The serum ALT levels tended to increase slightly from 44.41 ± 40.48 IU/L prior to TACE+RFA to 51.52 ± 46.19 IU/L at 1 mo after TACE+RFA (paired t-test, P = 0.083). However, the levels gradually decreased at 3, 6, and 9 mo and then returned to baseline. Serum Alb levels significantly decreased from 3.65 ± 0.52 g/dL before the treatment to 3.50 ± 0.51 g/dL at 1 mo after the combined treatment (paired t-test with Bonferroni correction, P = 0.005). The Alb levels were recovered by 3 mo and subsequently remained at similar levels for 6, 9, and 12 mo. Serum T-Bil levels at 1, 3, 6, 9 and 12 mo were maintained at the pre-treatment levels. Serum PT levels were also unchanged 12 mo after the treatment (Table 2).

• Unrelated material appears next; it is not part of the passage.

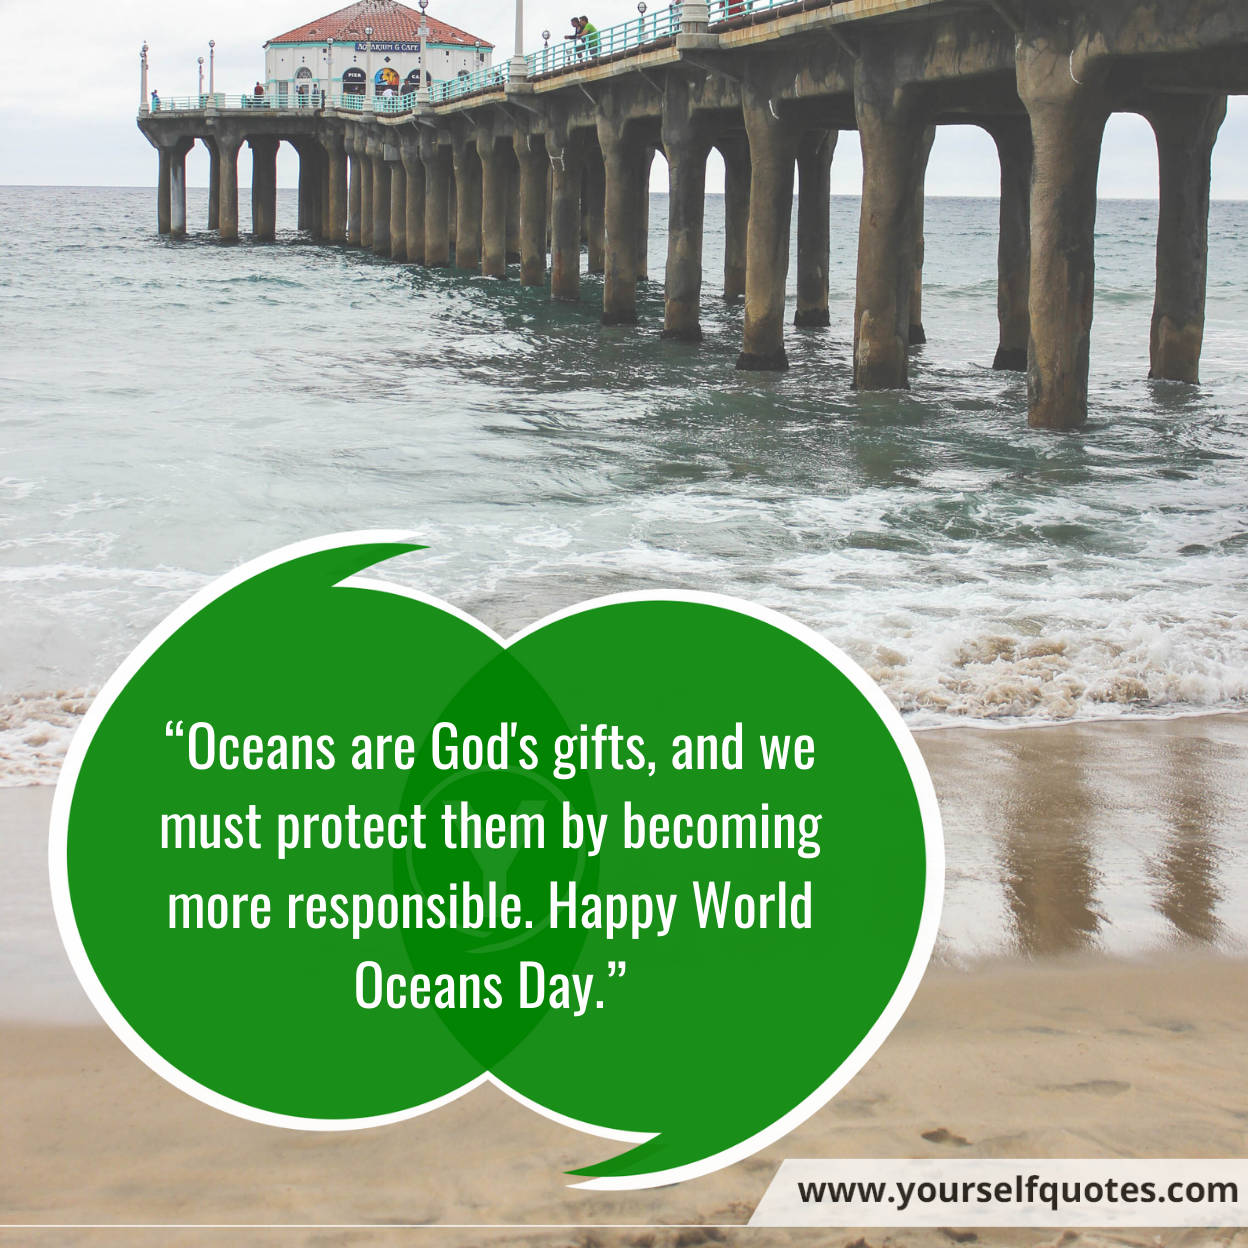 World Oceans Day Wishes Images

Pre-TACE+RFA | After TACE+RFA | |||||
Liver function parameters | Baseline | At 1 mo | At 3 mo | At 6 mo | At 9 mo | At 12 mo |
ALT (IU/L) | 44.41 ± 40.48 | 51.52 ± 46.19 | 38.71 ± 28.16 | 38.50 ± 23.88 | 38.05 ± 27.72 | 37.69 ± 20.94 |
Albumin (g/dL) | 3.65 ± 0.52 | 3.50 ± 0.511 | 3.64 ± 0.50 | 3.69 ± 0.48 | 3.67 ± 0.50 | 3.66 ± 0.48 |
Bilirubin (mg/dL) | 1.17 ± 0.69 | 1.23 ± 0.80 | 1.20 ± 0.69 | 1.22 ± 0.76 | 1.23 ± 0.73 | 1.23 ± 0.79 |
Prothrombin time (INR) | 1.21 ± 0.16 | 1.22 ± 0.19 | 1.20 ± 0.17 | 1.20 ± 0.17 | 1.20 ± 0.18 | 1.20 ± 0.19 |
At 1 mo after the treatment, the CPs remained unchanged in 89 of the 94 patients (94.7%). There was an increase of CPs by one-point in 5 patients (5.3%), but their CPs returned to pre-treatment scores at 3 mo after the treatment. To evaluate the factors affecting the transient rise of CPs at 1 mo after the combined treatment, the following potential variables were examined: gender, age (≥ 60 vs < 60 years), etiology of HCC (hepatitis B virus vs others), CP class (B vs A), CPs (score 8/9 vs 5/6/7), tumor size (> 3.0 vs≤ 3.0 cm), multiplicity of HCC (≥ 2 vs single) and presence of major complications (Table 3). In the univariate analysis, high baseline CPs (score 8/9 vs 5/6/7, P = 0.022) and large tumor (> 3.0 vs≤ 3.0 cm, P = 0.082) were significantly or marginally associated with transient rise of CPs. However, in the multivariate analysis, the high CPs (score 8/9) was identified as the only independent factor for transient worsening of CPs (score 8/9 vs score 5/6/7; P = 0.026, OR = 9.20, 95%CI: 1.31-64.70).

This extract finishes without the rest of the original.